Outra questão apontada por Young é a necessidade de maior equilíbrio entre a criação de Zonas Especiais de Interesse Social (Zeis) e Zonas Especiais de Preservação Ambiental (Zepam), a fim de evitar que a demanda por moradia se torne caminho para desmatamento. E adequar o plano às diretrizes da Política Nacional sobre Mudança do Clima, algo distante da versão atual.

Bairro a bairro

Os vereadores também devem apresentar propostas para atender a demandas de suas bases eleitorais. Laércio Benko (PHS), por exemplo, quer retirar do texto a previsão de implementação de uma estação de transbordo lixo na Vila Jaguará, bairro da região noroeste da cidade. “A população dessa região é uma das menos atendidas pelos serviços públicos e não merece ter de conviver com isso”, afirmou.

Diferentes dos aterros, as estações são criadas para intermediar a distância entre a área de coleta e o aterro sanitário. Ali o lixo é descarregado dos caminhões de coleta e transferido para uma carreta que leva os resíduos até o aterro sanitário.
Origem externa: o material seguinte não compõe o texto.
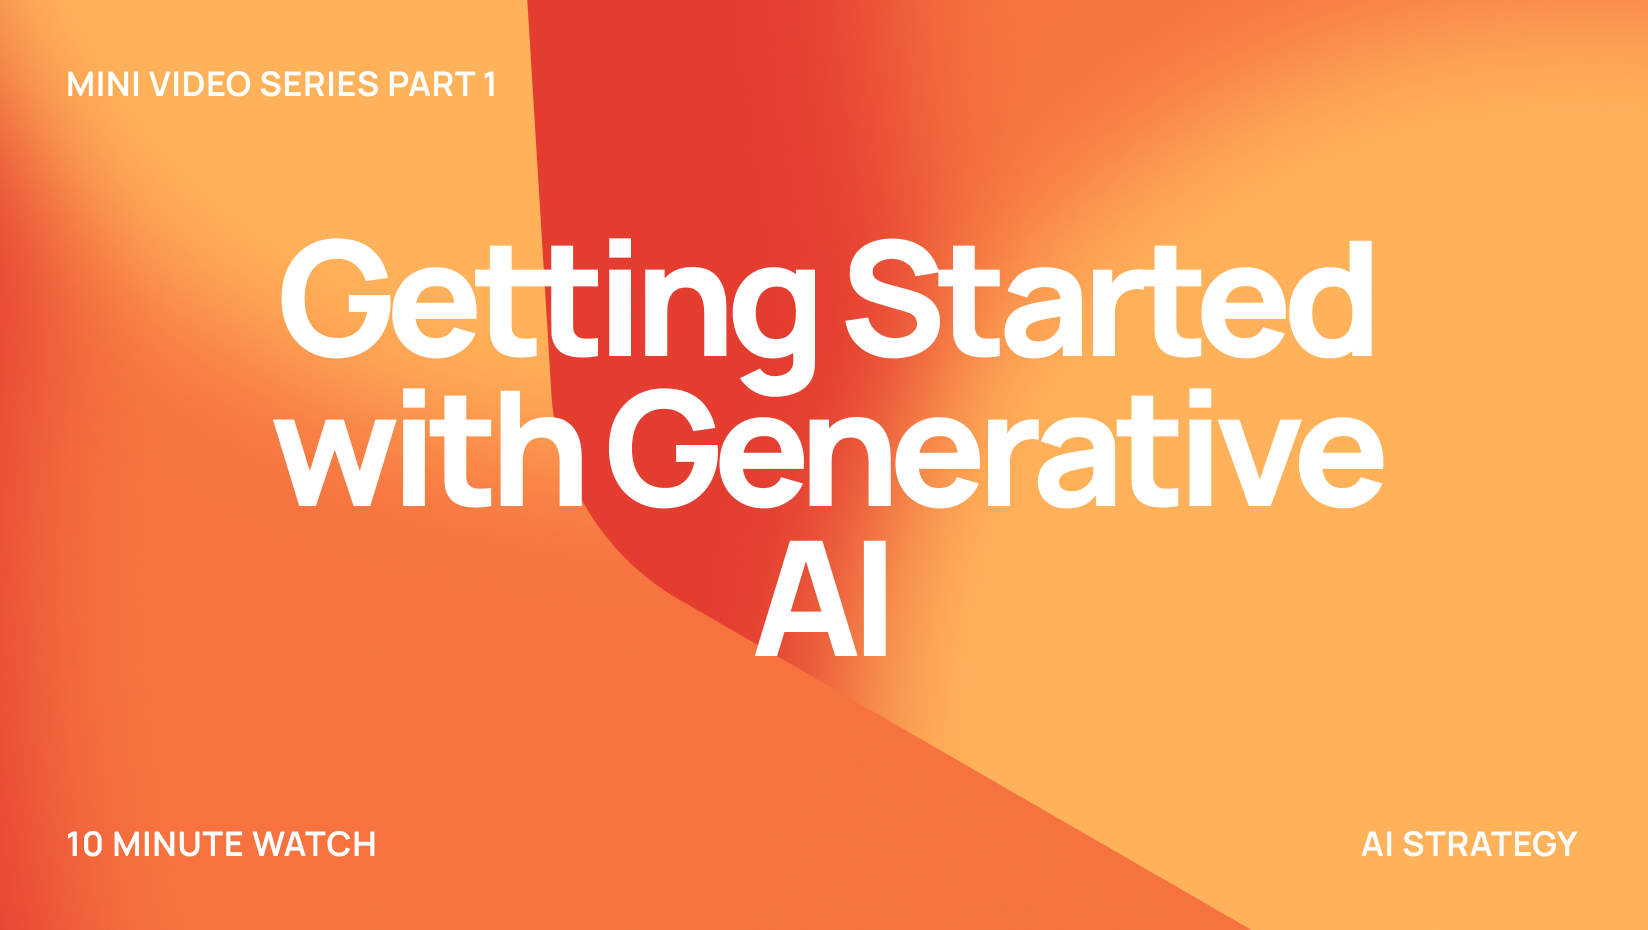 Unleashing Opportunity: A Guide to Getting Started with Generative AI in Your Organization

Já a vereadora Edir Sales (PSD) pretende garantir a manutenção de uma Zona Predominantemente Industrial (ZPI) na região da Móoca. O texto aprovado hoje propõe que o local seja uma zona mista, residencial e comercial. Ela teme que isso afaste as empresas da região e provoque perda de emprego e receita tributária para o município. “São pelo menos 150 empresas na região, que garantem a ocupação de 30 mil pessoas. Nós estamos dialogando com a associação comercial da Moóca e com o vereador Nabil Bonduki para mudar esse trecho do plano”, afirmou.